Action-values are foundational to many control algorithms such as Q-learning. Therefore learning action-values efficiently is central to reinforcement learning (RL). However, learning them can be slow, requiring many updates to move values from their initialization, typically near zero, to their true values, which may be far from zero. Moreover, action-value learning algorithms typically update each state-action pair independently, without learning shared value structure across actions within a state. In this paper, we address these inefficiencies by introducing the mean-expansion layer, which accelerates action-value learning by sharing values across actions within a state and by changing the problem from directly learning potentially large action-values to learning a lower-norm representation of them. In deep RL, this layer can be applied as a parameter-free addition to Q-network architectures without altering the underlying algorithm. Applied to deep Q-networks and implicit quantile networks, it improves aggregate performance across 57 Atari games while increasing action gaps and dramatically reducing value overestimation.

Editorial analysis

A structured set of objections, weighed in public.

Desk editor's note, referee report, simulated authors' rebuttal, and a circularity audit. Tearing a paper down is the easy half of reading it; the pith above is the substance, this is the friction.

Desk Editor's Note private letter to a colleague

The mean-expansion layer is a clean architectural addition for sharing mean values across actions in Q-networks, delivering measurable Atari gains and lower overestimation without apparent algorithm changes.

read the letter

The main point is that this paper adds a mean-expansion layer to Q-networks so the network learns a lower-norm representation while the mean value gets shared across actions in each state. That directly tackles slow movement from zero initialization and independent per-action updates in standard Q-learning.

The work does what it sets out to do on the empirical side. They plug the layer into DQN and IQN, run the usual 57-game Atari suite, and report better aggregate scores, bigger action gaps, and sharply reduced value overestimation. Those are concrete, reproducible outcomes on a standard benchmark, and the parameter-free claim means the gains come from the representation change rather than extra hyperparameters or loss terms.

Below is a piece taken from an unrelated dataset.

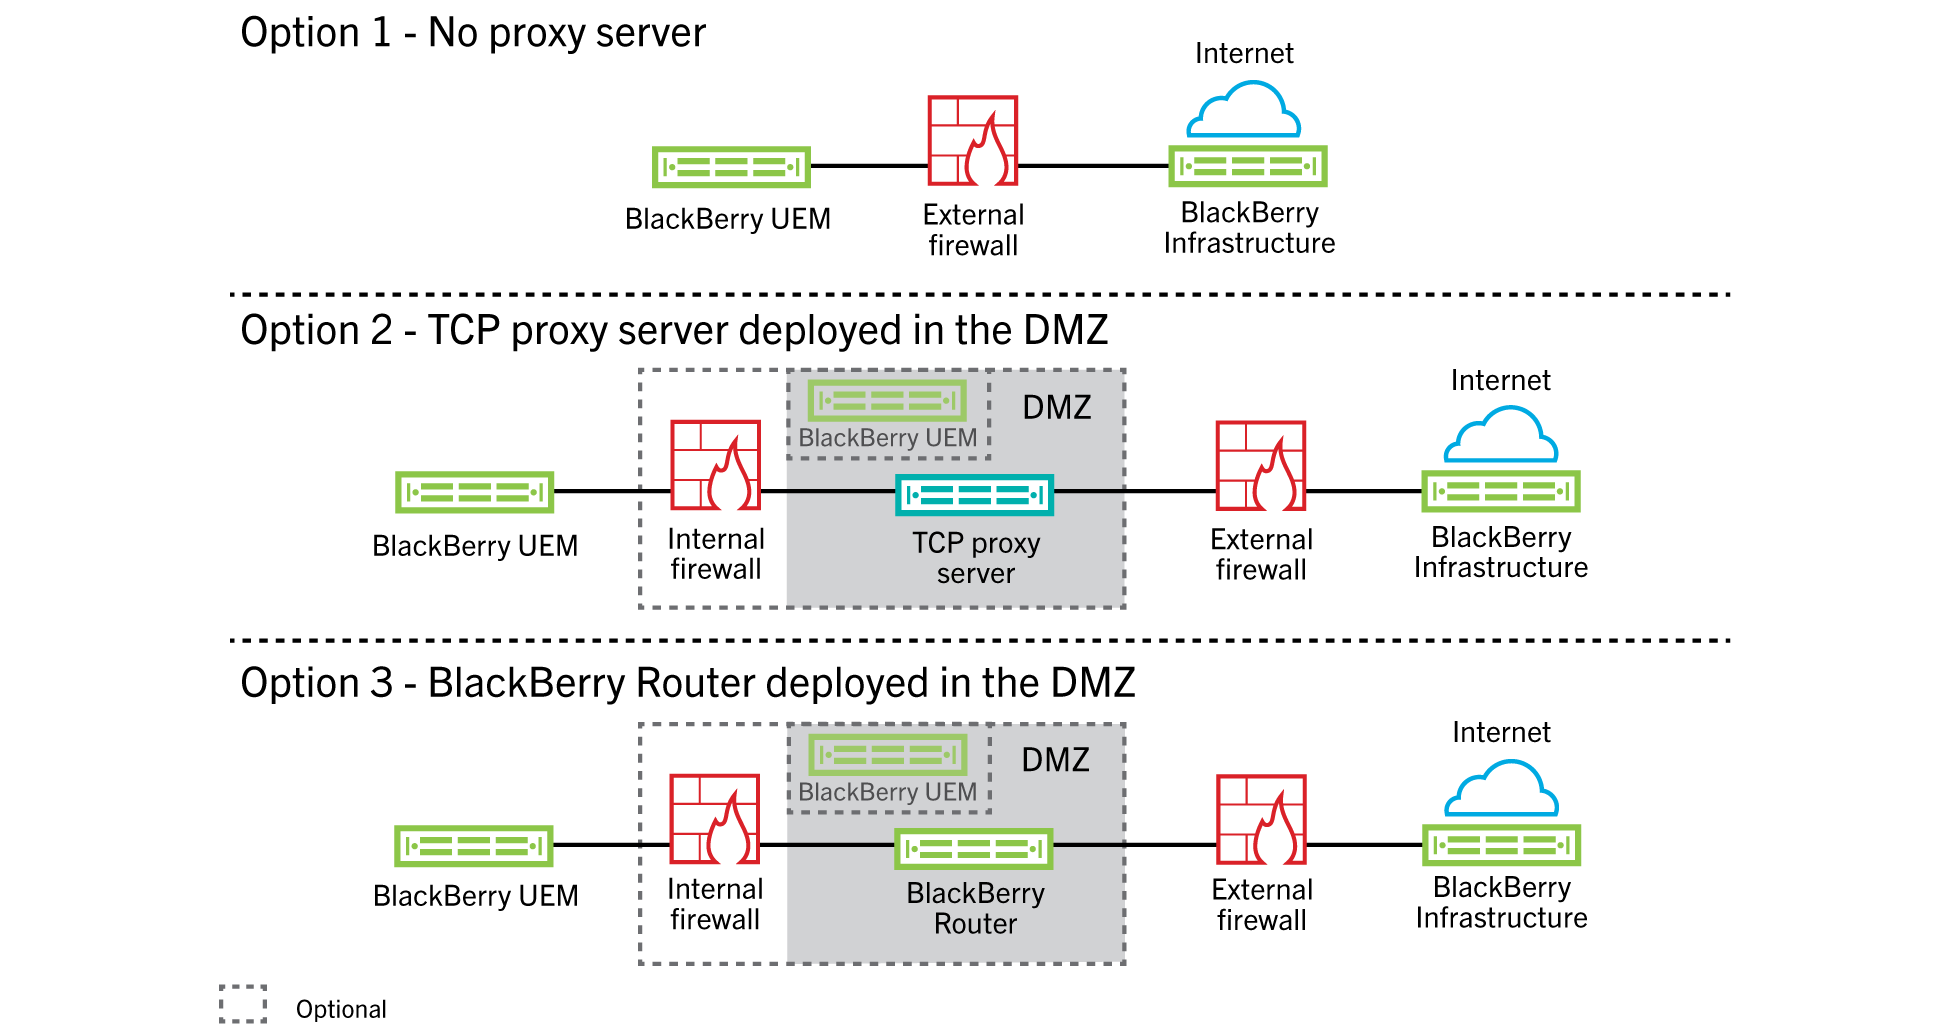 画像は、プロキシサーバーなし、TCP プロキシサーバーの DMZ への展開、および BlackBerry UEM の DMZ への展開を実行するために設定された BlackBerry Router を示しています。

The soft spot is the integration mechanics. The abstract says the layer leaves the underlying algorithm untouched, but the exact way the mean is computed, how it flows into targets, and whether any normalization or gradient sharing occurs needs the full equations and pseudocode to confirm. If the paper shows the forward and backward passes stay identical to vanilla Q-learning except for the layer output, the central claim holds; otherwise the results could partly reflect an implicit tweak. Literature placement also matters—prior overestimation fixes like double Q-learning or clipped targets should be compared directly.

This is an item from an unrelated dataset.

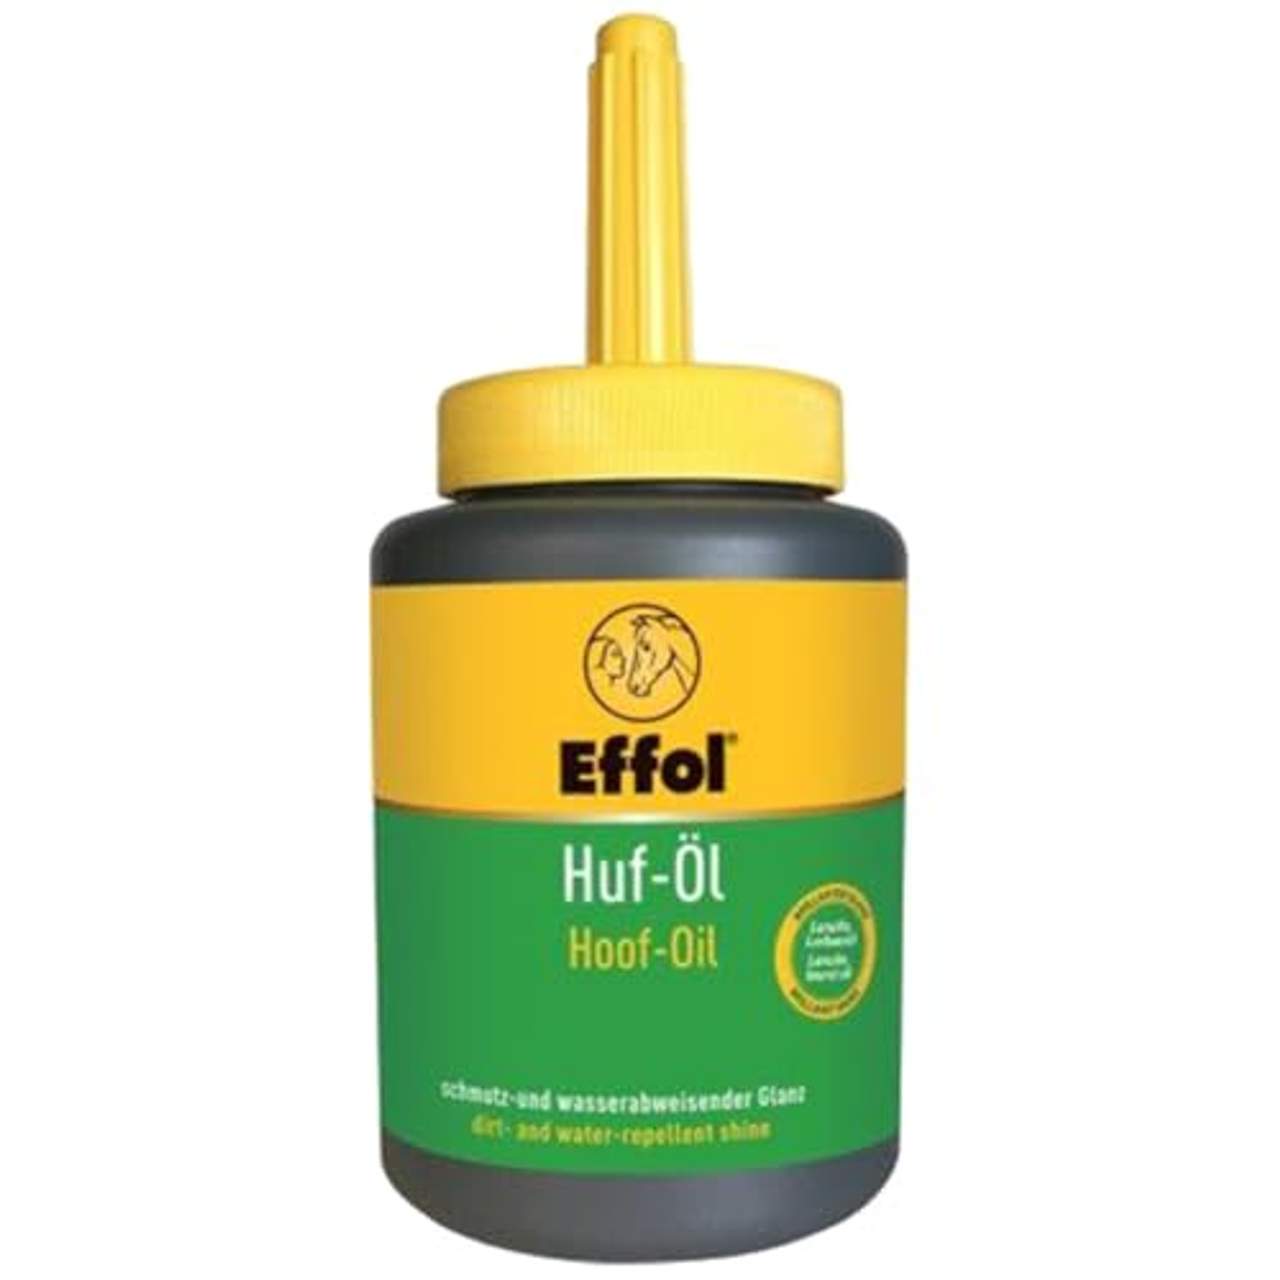 Effol 11147500 Huf-Öl mit Pinsel

This is for people who modify value-network architectures in deep RL and want simple, drop-in changes that show up in control-task metrics. A reader already running Atari experiments would get immediate value from the numbers.

Send it to peer review. The experiments are on the right benchmark and the idea is narrow enough to evaluate cleanly.

Referee Report

2 major / 0 minor

Summary. The paper introduces the mean-expansion layer to accelerate Q-learning by sharing action values across actions within each state and by reformulating the problem as learning a lower-norm representation of the action-values. The layer is described as a parameter-free architectural addition to Q-networks (including DQN and IQN) that leaves the underlying Q-learning update rule, target computation, and loss unchanged. The manuscript claims that this yields improved aggregate performance across 57 Atari games, larger action gaps, and substantially reduced value overestimation.

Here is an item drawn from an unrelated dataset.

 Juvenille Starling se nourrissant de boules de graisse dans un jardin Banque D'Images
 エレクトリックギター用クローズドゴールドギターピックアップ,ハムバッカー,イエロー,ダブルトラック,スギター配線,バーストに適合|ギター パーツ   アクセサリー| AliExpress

Significance. If the empirical claims hold and the layer truly functions as a pure architectural change, the work would offer a lightweight, broadly applicable improvement to value-based deep RL that directly targets known inefficiencies in independent per-action updates and slow convergence from zero initialization. Demonstrating gains on the full Atari suite while also reporting secondary metrics (action gaps, overestimation) would strengthen its potential impact on algorithm design.

major comments (2)

[Abstract] Abstract: the central claim that performance gains arise from value-sharing via a parameter-free addition 'without altering the underlying algorithm' is load-bearing. The manuscript must show (e.g., in the method section) the exact forward and backward pass through the layer and confirm that the Q-target, TD error, and gradient flow remain identical to the baseline; otherwise the observed improvements could stem from an implicit normalization or sharing effect rather than the intended mechanism.
The absence of any derivation or pseudocode for the mean-expansion layer in the provided text leaves the 'lower-norm representation' claim unverified; if the layer simply computes a mean and expands it, the reduction in norm must be shown to follow directly from the architecture rather than from training dynamics.

Simulated Author's Rebuttal

2 responses · 0 unresolved

We thank the referee for the constructive comments and the recommendation for major revision. We address each major comment below and will incorporate the requested clarifications and derivations into the revised manuscript.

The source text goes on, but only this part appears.